Ve hepsinden daha çok şey anlatan şu söz: “Yılda 360 gün yataktan güneş doğmadan önce kalkabilen hiç kimse ailesini zengin etmekte başarısız olmaz.” Güneş doğmadan önce kalkmak? Yılda 360 gün? !Kung rahat rahat, telaşsızca mongongo toplarken, Fransız köylü kışı uyuyarak geçirirken ya da pirinç yetiştiriciliği dünyası dışındaki herhangi biri bir başka şey yaparken, bu atasözü akıllarına bile gelmez.


Hiç kuşkusuz, bu Asya kültürüne ilişkin alışılmadık bir gözlem değil. Batı’da hangi üniversite kampüsüne giderseniz gidin, Asyalı öğrenciler, diğer herkes çıktıktan uzun saatler sonra bile kütüphanede kalmakla ünlüdür. Asya kökenli insanlar, kültürleri böyle tanımlandığında bazen alınırlar, çünkü bu stereotipin bir tür küçümseme olarak kullanıldığını düşünürler. Oysa çalışma inancı güzel bir şey olsa gerek. Bu kitapta şu ana kadar gördüğümüz hemen her başarı hikayesi, emsallerinden ya da akranlarından daha çok çalışan bir kişi ya da grupla ilgili. Bill Gates küçükken bilgisayar bağımlısıydı. Bill Joy da öyle.
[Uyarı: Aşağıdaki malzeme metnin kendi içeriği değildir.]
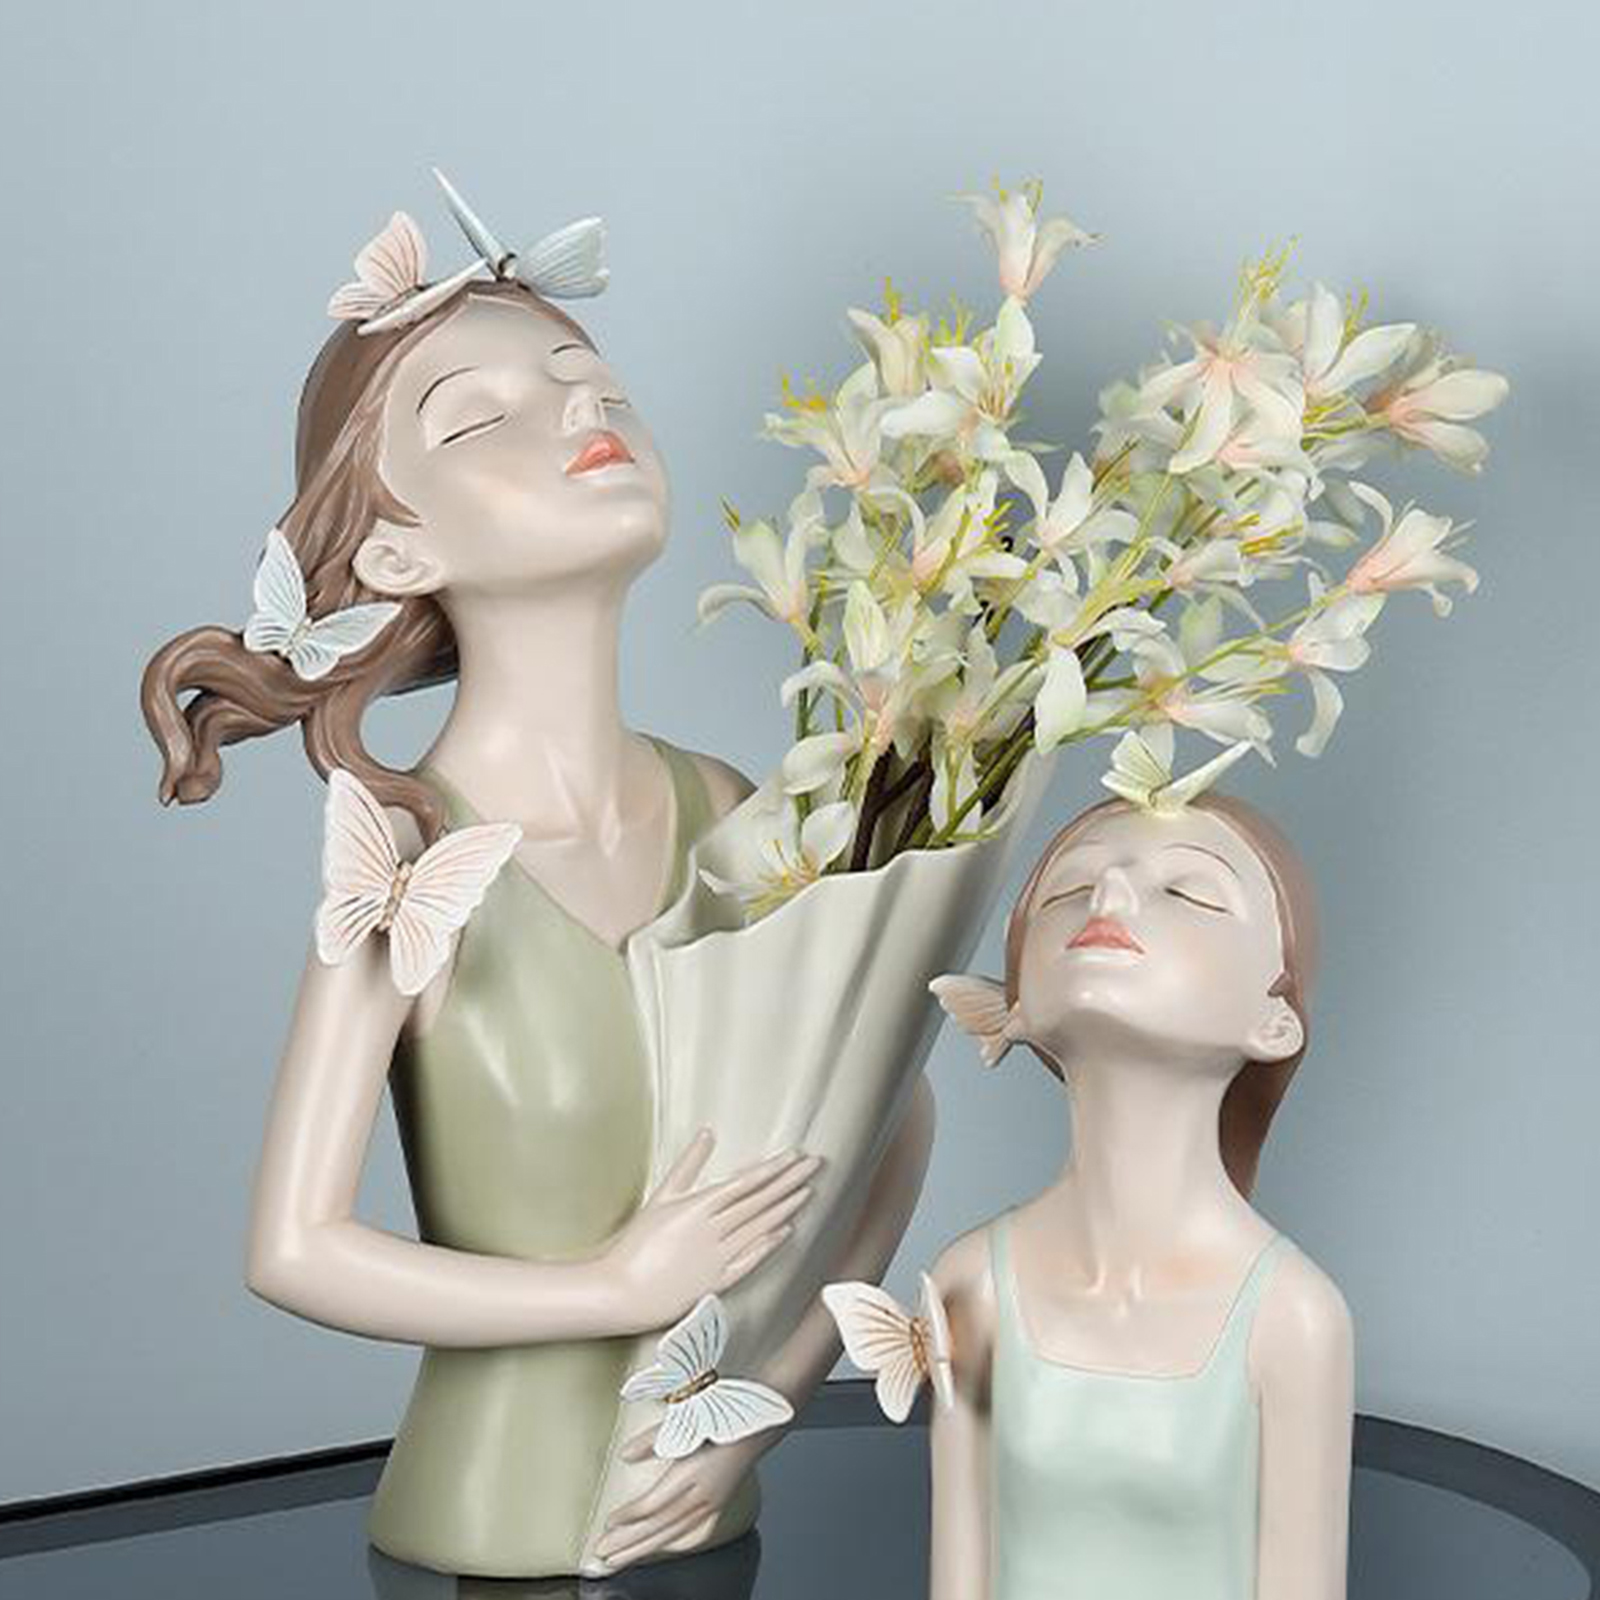 Bình hoa cô gái Tượng bình hoa cô gái Benzaiten bằng nhựa Plastic cao cấp nhiều kiểu dáng, giá siêu rẻ - F20Beauty - Phong cách hiện đại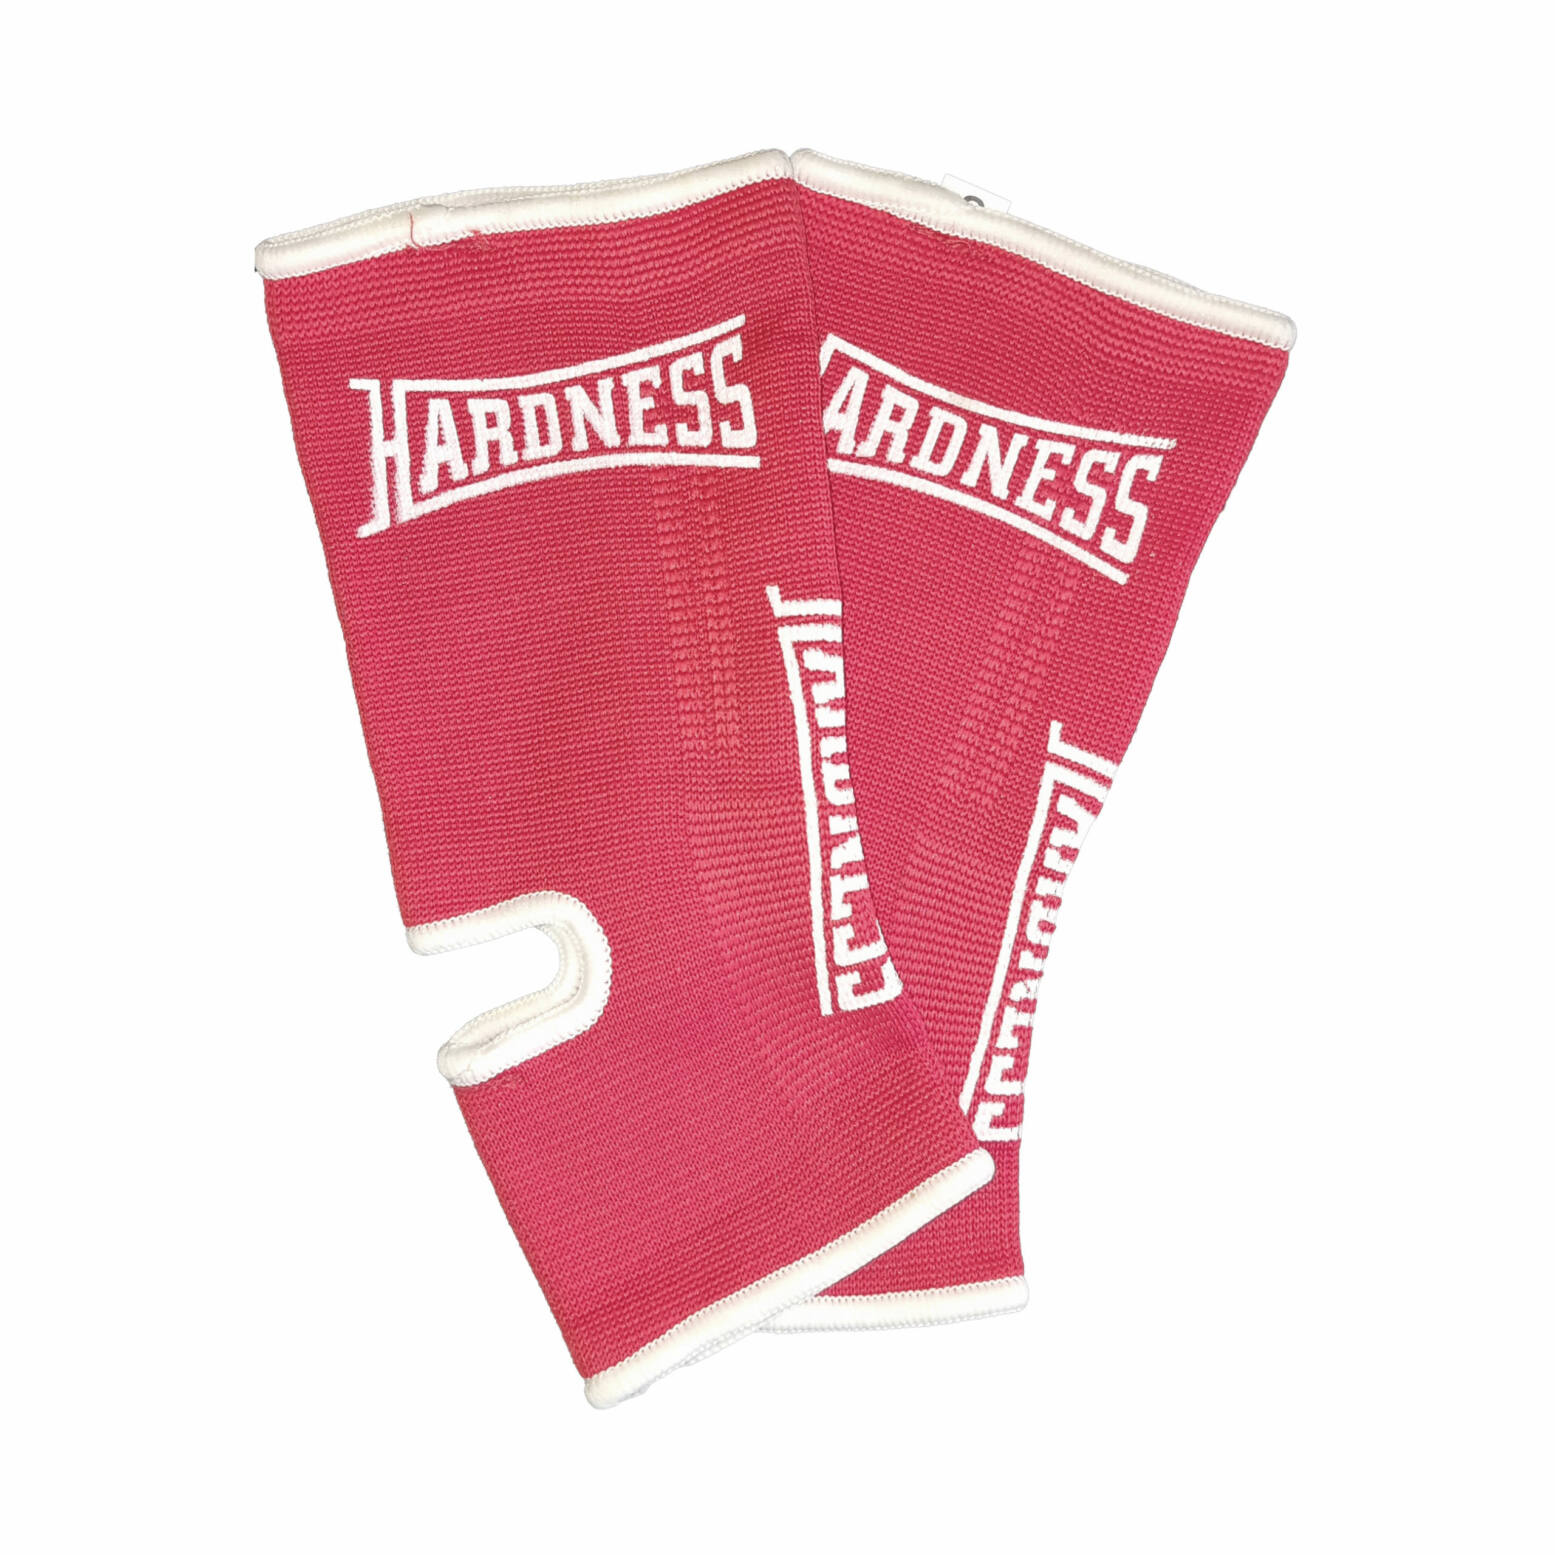 Hardness Enkelkousen B-Stock – Rood met wit 1

Beatles Hamburg’da binlerce saat pratik yaptı. Joe Flom, eline bir şans geçene kadar, yıllarca canını dişine takarak çalıştı, şirketleri ele geçirme sanatını mükemmel hale getirdi. Başarılı insanların yaptığı şey gerçekten çok çalışmaktır ve çeltik tarlalarında yaratılan kültürün tipik özelliği, çok çalışmanın bu tarlalarda çalışan insanlara, büyük bir belirsizlik ve yoksulluğun ortasında anlam bulmanın bir yolunu sağlamış olmasıdır. Bu ders Asyalılara birçok çabalarında yarar sağlamıştır, ancak sağlanan yarar nadiren matematikteki kadar mükemmel olmuştur.”